Baktash was instructed to pack a single suitcase for his family of four and be ready at a moment’s notice to leave the country for good. In October 2021, two months after the Taliban returned to power, he got a late-night phone call telling him to head to Kabul International Airport with his family early the next morning.
The Aminis flew to Pakistan and spent a week at a military camp in Islamabad, followed by a month in a camp in Qatar, and then more than three months in a refugee camp on the grounds of FCI Fort Dix, the Federal Bureau of Prisons’ minimum security correctional facility in southern New Jersey.
“Six thousand people stay in camp, and in one tent 100 people,” Maryam recalls of the New Jersey camp. There were five toilets and five showers for all 100 to share; and though partitions gave each family some degree of privacy, there was no ceiling other than the tent cover, so the noise was unbearable, she recalls.
“We don’t have clothes, but one day [volunteers] came and brought coat[s] and shoes. ‘If not your size or not, no problem, just wear that,’ ” the volunteers told the refugees, Maryam says.

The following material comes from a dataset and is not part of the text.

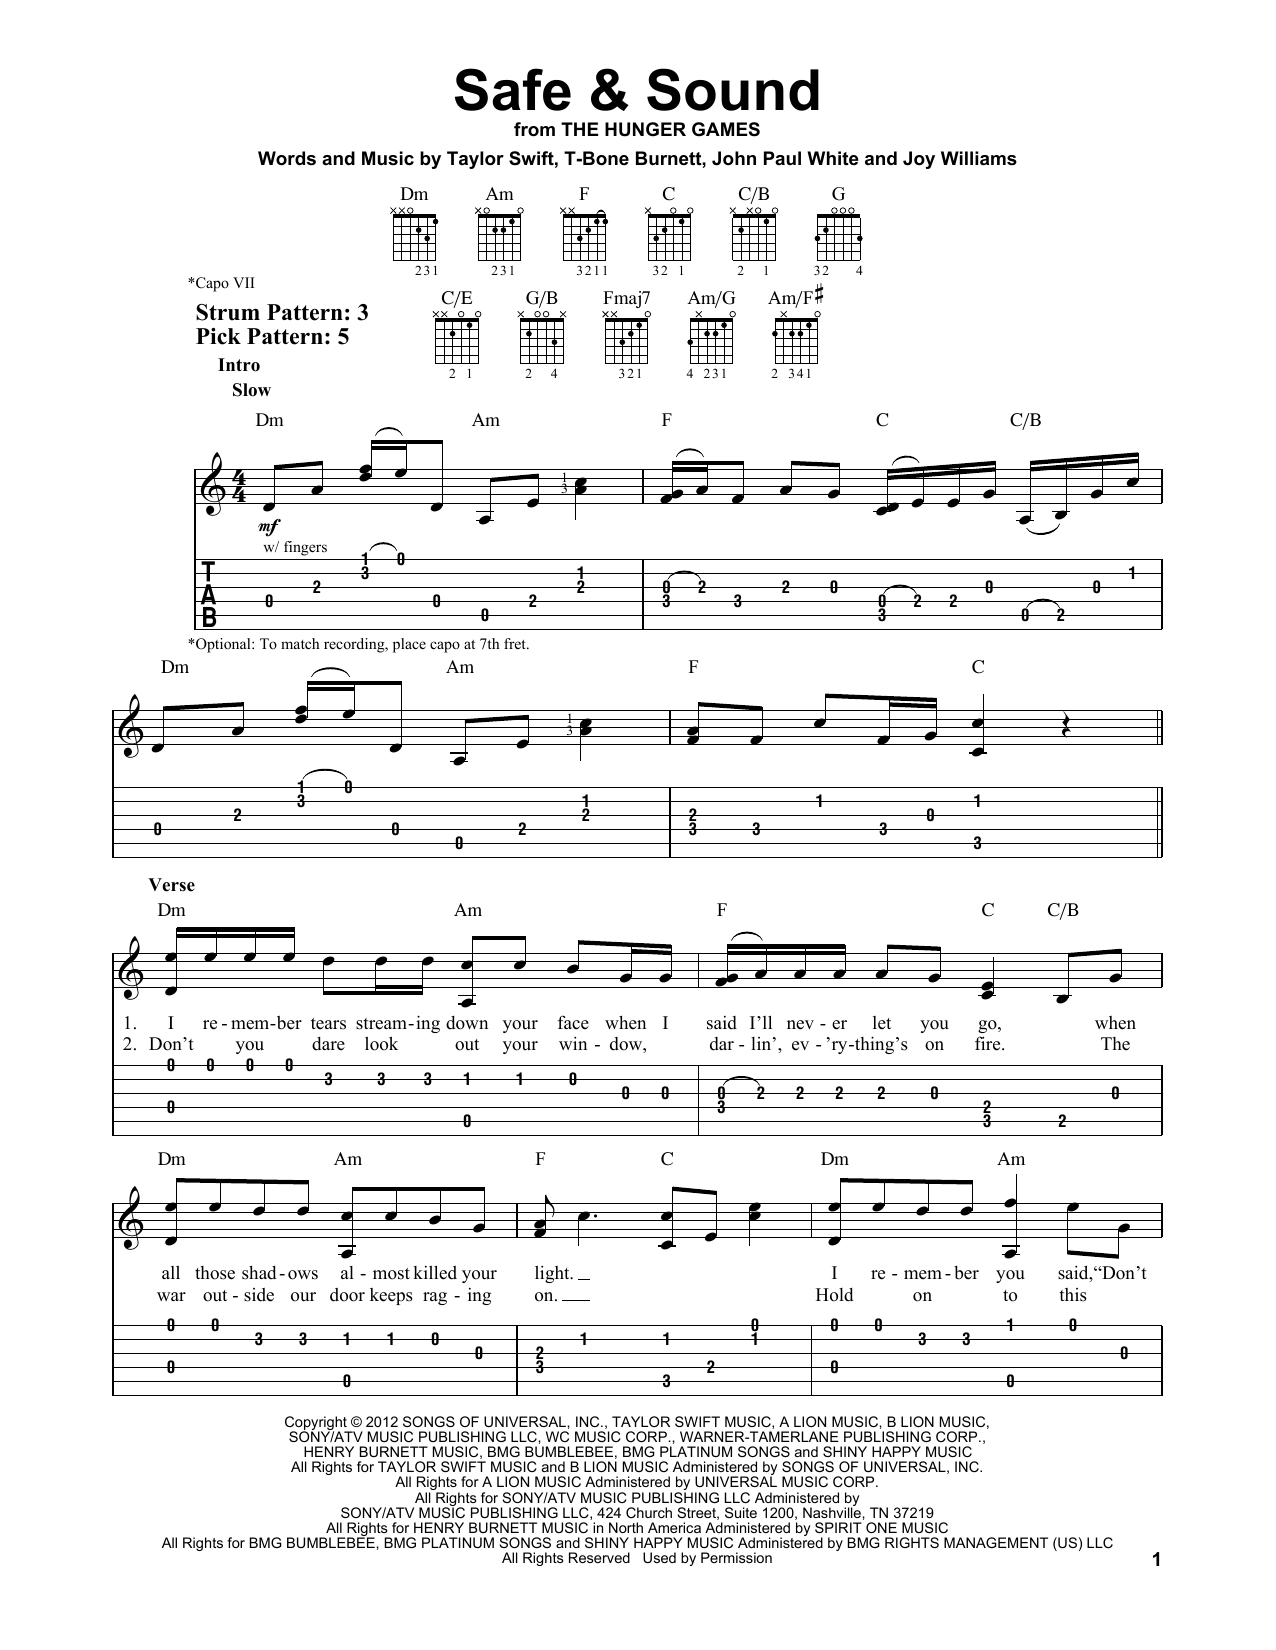 Sheet Music Digital Files To Print Licensed Joy Williams Digital

At the camp, Baktash was asked to fill out a form naming a first, second and third choice of locations in the U.S. to make his permanent home. Since he didn’t know anyone in the U.S.—nor the names of most of the states—he picked Maryland as his first choice because some of his colleagues had connections here. After one wrote on his form the address of a family member in Bethesda, Baktash wrote the same address on his form. When he learned he had gotten his first choice, his friends told him he was lucky, he says.
On a Saturday evening, nearly a year after making Silver Spring their new home, Baktash has finished his DoorDash deliveries for the day and heads upstairs to his family’s apartment. Mehran—who had been practicing his hip-hop moves while watching a music video on the television—runs to the door to greet him.

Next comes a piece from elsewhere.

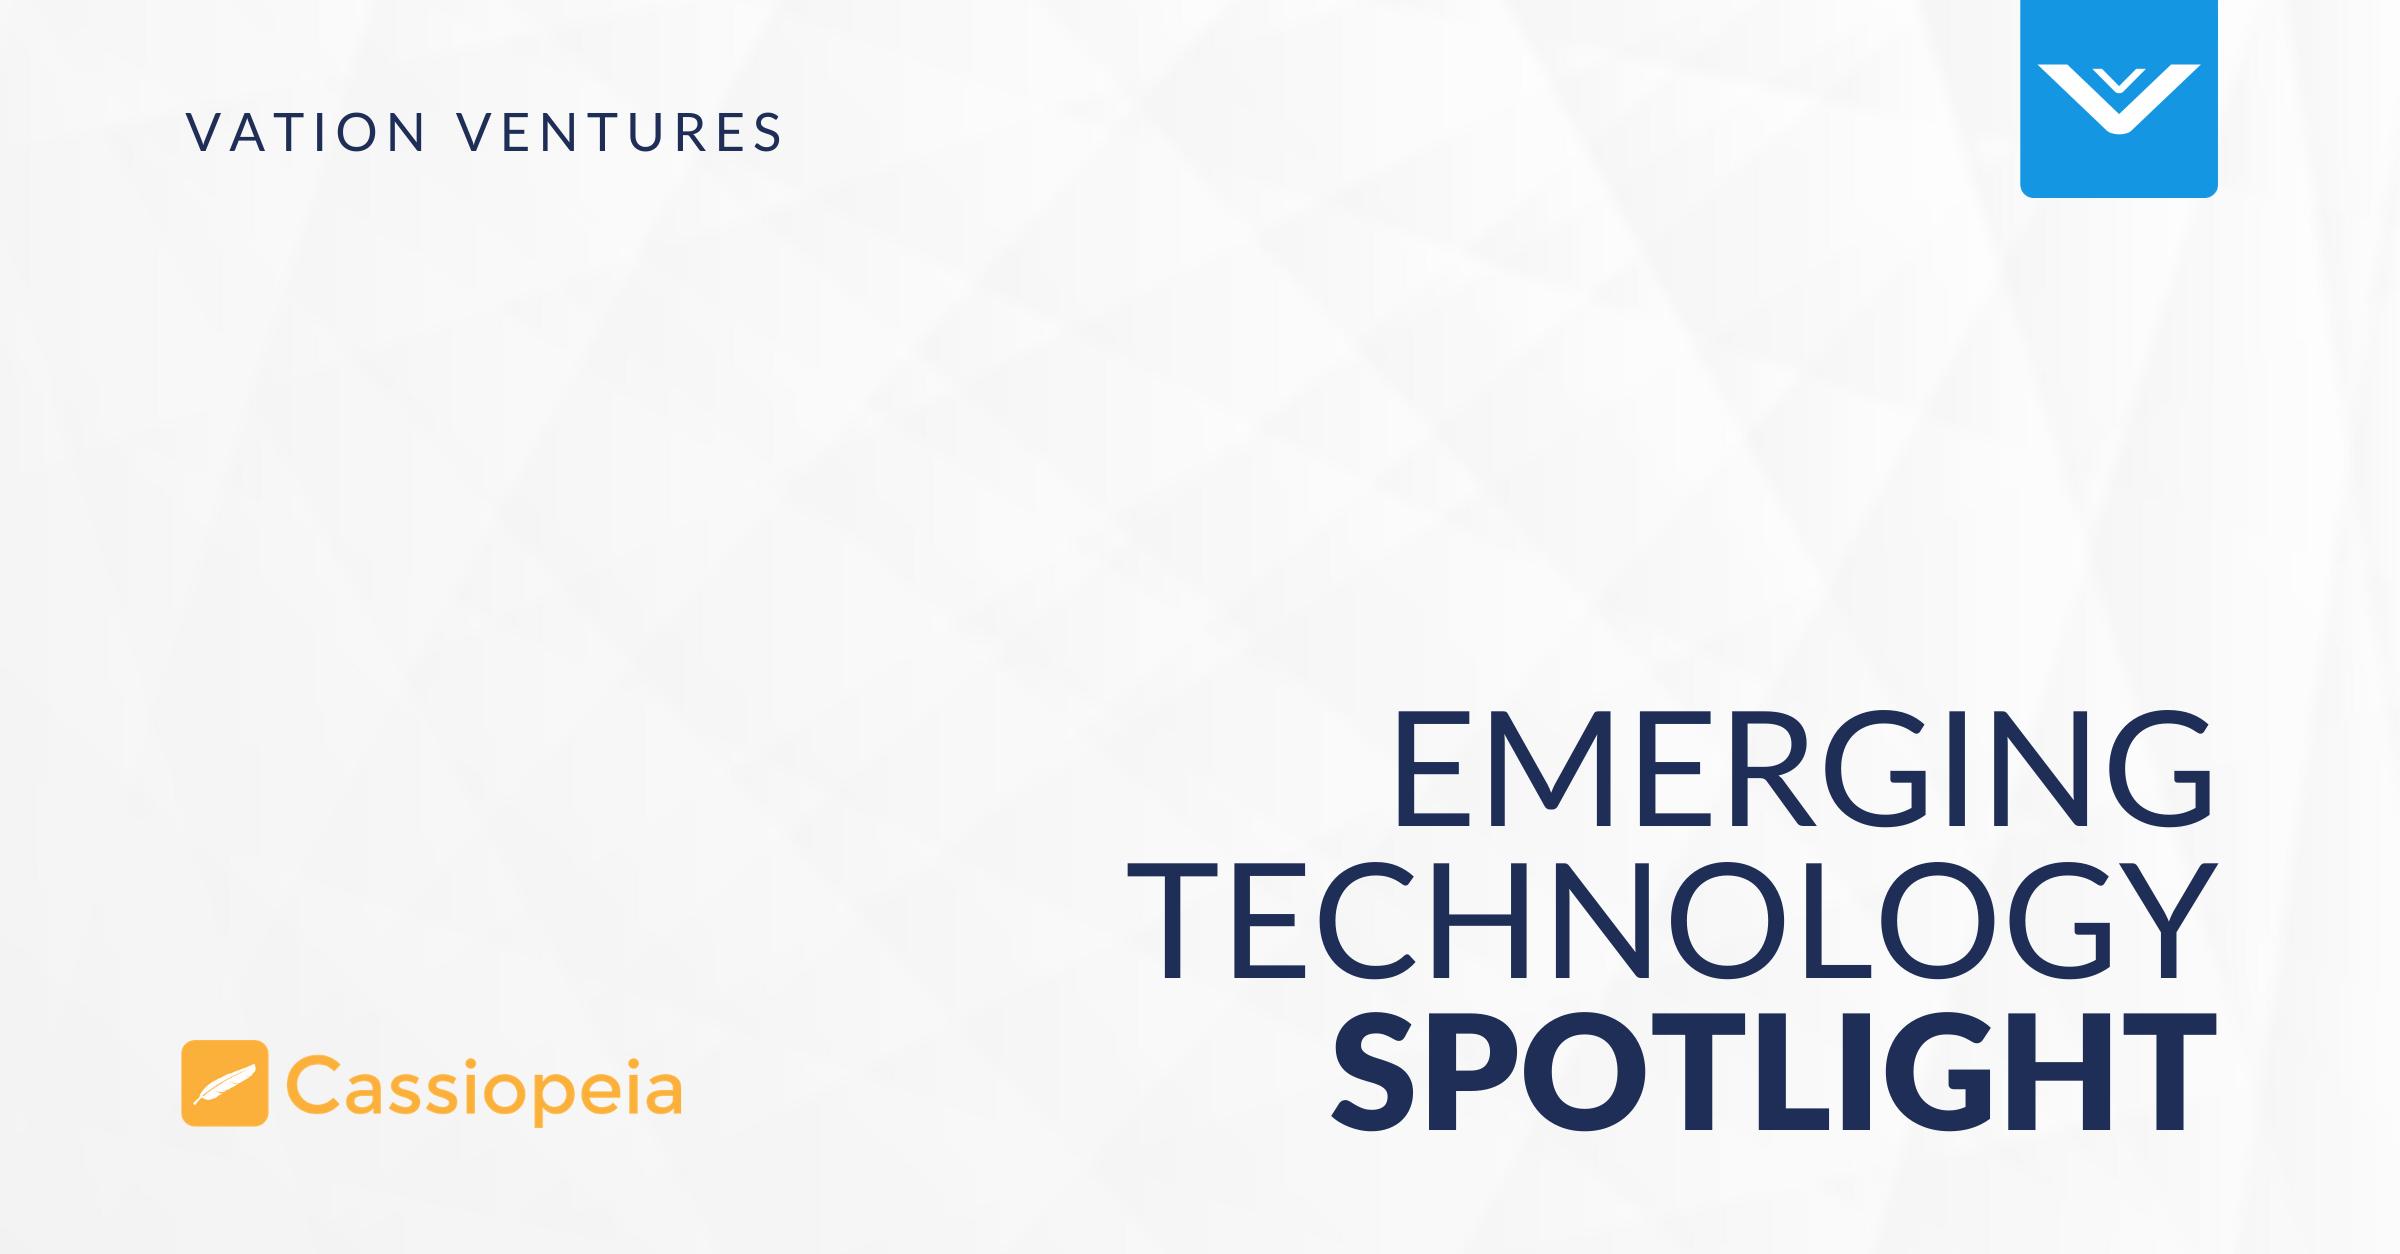 Emerging Technology Spotlight: Cassiopeia

Marwa, the couple’s 7-year-old daughter, sits on the sofa nearby, trying one last time to get her broken Chromebook to turn on. Of all the things she had to leave behind in Afghanistan, Marwa says she misses “Stuffy” the most—the stuffed yellow bunny rabbit she got when she was a baby.
Now a first grader at Rosemary Hills Elementary School, Marwa says a few other Afghan refugee kids attend the school, but she rarely speaks with them. They generally want to use the languages they spoke in Afghanistan, she says, and she wants to speak English. She’s mostly mastered it in the short time she’s lived here. “Kindergarten was a little bit hard,” she says, “but now it’s good.”
Baktash takes a seat next to his daughter. Maryam is in the kitchen fixing tea for him and starting the family’s dinner. “We [moved] from a poor at-war country to a good country,” Baktash says. “A new home, a new culture, a new country, a new flag, a new people…and we [are] happy.”
Journalist Amy Halpern has worked in print and television news and as the associate producer on an Emmy Award–winning documentary. She lives in Potomac.
This story appears in the May/June issue of Bethesda Magazine.